How to Calculate a 90% Confidence Interval

Step 1: Gather Your Data

You'll need:

  • The sample mean (x̄)
  • The population standard deviation (σ)
  • The sample size (n)

Step 2: Find the Z-Score

For a 90% confidence interval, the z-score is 1.645. This value comes from standard normal distribution tables.

Step 3: Calculate the Margin of Error

The margin of error (ME) is calculated as:

ME = z*(σ/√n)

Step 4: Determine the Confidence Interval

Add and subtract the margin of error from the sample mean to get the confidence interval:

Lower Bound = x̄ - ME Upper Bound = x̄ + ME

Assumptions

This method assumes:

  • The sample is randomly selected
  • The population is normally distributed or the sample size is large (n ≥ 30)
  • The population standard deviation is known

Worked Example

Let's calculate a 90% confidence interval for a sample with:

  • Sample mean (x̄) = 50
  • Population standard deviation (σ) = 10
  • Sample size (n) = 64

Step 1: Find the Z-Score

For 90% confidence, z = 1.645

Step 2: Calculate the Margin of Error

ME = 1.645*(10/√64) = 1.645*(10/8) = 2.056

Step 3: Determine the Confidence Interval

Lower Bound = 50 - 2.056 = 47.944 Upper Bound = 50 + 2.056 = 52.056

Therefore, the 90% confidence interval is from 47.944 to 52.056. This means we're 90% confident that the true population mean falls within this range.

Interpreting the Results

A 90% confidence interval means that if we were to take many samples and calculate a 90% confidence interval for each, approximately 90% of those intervals would contain the true population parameter.
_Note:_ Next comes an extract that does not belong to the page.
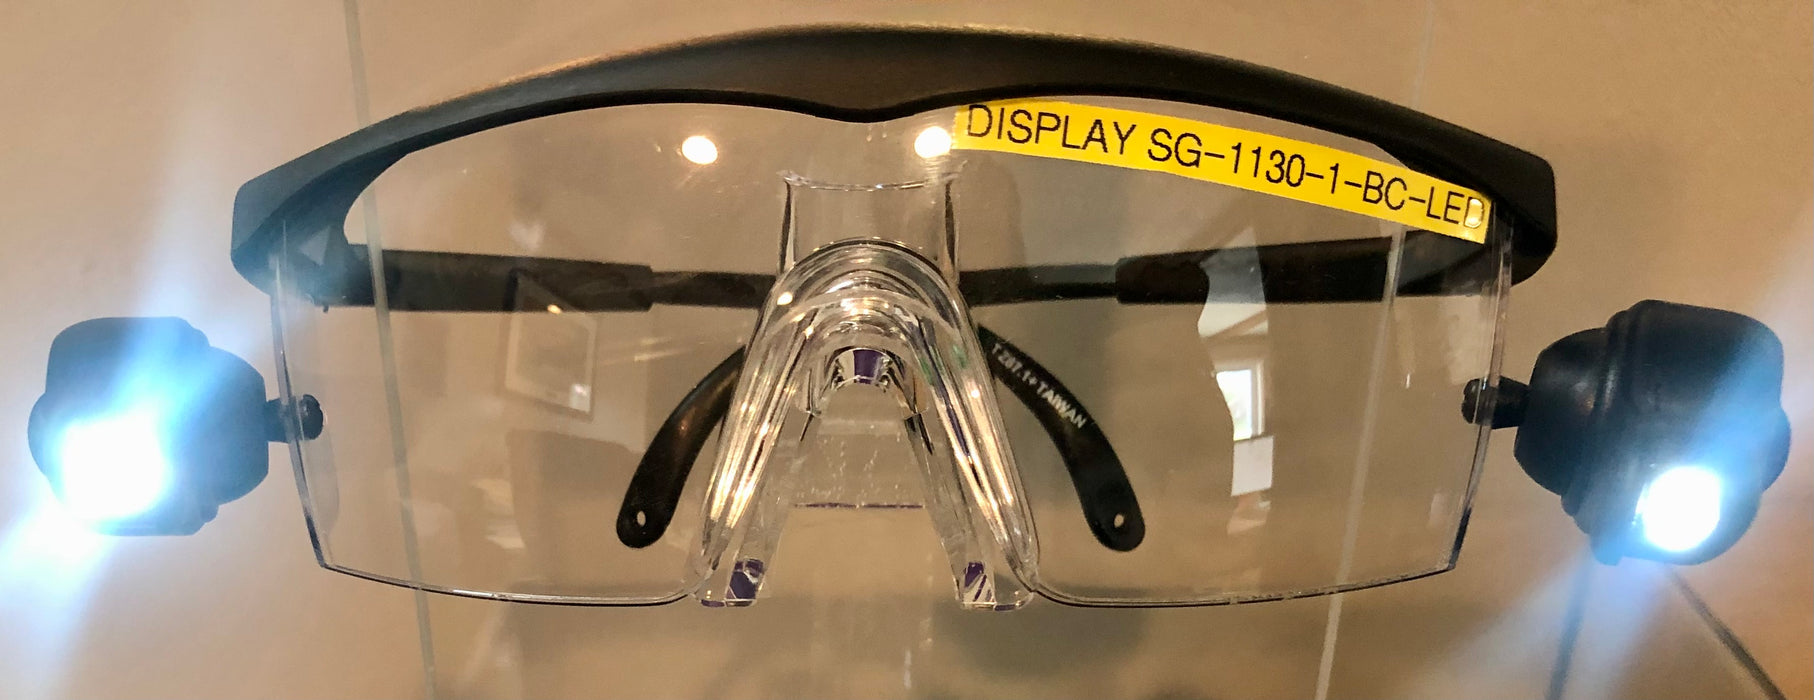 Safety Glasses- Clear Anti-Fog Lens, Black Adjustable Frame, w/ LED Lights [SG-1130-I-BC-LED]

Common interpretations include:

  • We can be 90% confident that the true value lies within the calculated range
  • The interval provides a range of plausible values for the population parameter
  • As the sample size increases, the confidence interval becomes narrower

It's important to note that a 90% confidence interval doesn't mean there's a 90% probability that the true value is in the interval. Instead, it reflects the reliability of the estimation method over many repetitions.

FAQ

What does a 90% confidence interval mean?
It means that if we were to take many samples and calculate a 90% confidence interval for each, approximately 90% of those intervals would contain the true population parameter.
How does sample size affect the confidence interval?
As the sample size increases, the confidence interval becomes narrower, providing a more precise estimate of the population parameter.
Can I use this calculator for other confidence levels?
This calculator specifically calculates 90% confidence intervals. For other confidence levels, you would need to adjust the z-score accordingly.
What if my sample size is small?
For small samples (n < 30), you should use the t-distribution instead of the z-score, as the population standard deviation is typically unknown.
How do I know if my sample is normally distributed?
You can check for normality using statistical tests like the Shapiro-Wilk test or by examining a histogram of your data. For large samples (n ≥ 30), the Central Limit Theorem often ensures approximate normality.